[The Golden Bowl by Henry James]@TWC D-Link bookThe Golden Bowl PART FIRST 173/233
But she might as well be hurt one way as another; and, besides, that particular sort of pride was just what she hadn't.
So his slight resistance, while they lingered, had been just easy enough not to be impossible. "I hate to encourage you--and for such a purpose, after all--to spend your money." She had stood a stair or two below him; where, while she looked up at him beneath the high, domed light of the hall, she rubbed with her palm the polished mahogany of the balustrade, which was mounted on fine ironwork, eighteenth-century English.

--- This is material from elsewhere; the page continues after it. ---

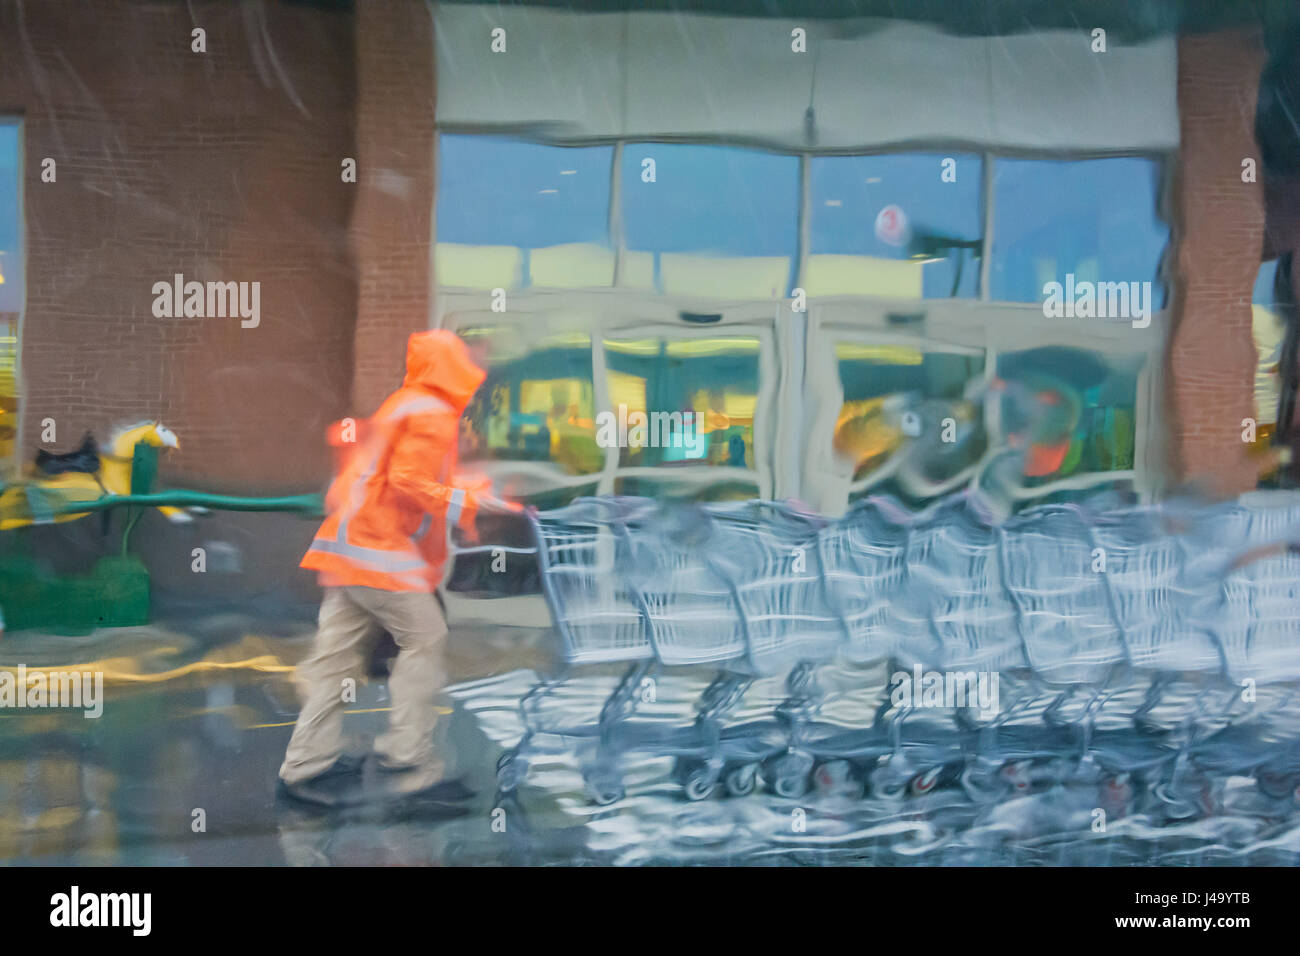 Rain warped view of parking lot attendant pushing shopping carts back to store - Stock Image

"Because you think I must have so little? I've enough, at any rate--enough for us to take our hour. Enough," she had smiled, "is as good as a feast! And then," she had said, "it isn't of course a question of anything expensive, gorged with treasure as Maggie is; it isn't a question of competing or outshining. What, naturally, in the way of the priceless, hasn't she got? Mine is to be the offering of the poor--something, precisely, that--no rich person COULD ever give her, and that, being herself too rich ever to buy it, she would therefore never have." Charlotte had spoken as if after so much thought.
"Only, as it can't be fine, it ought to be funny--and that's the sort of thing to hunt for.
Hunting in London, besides, is amusing in itself." He recalled even how he had been struck with her word.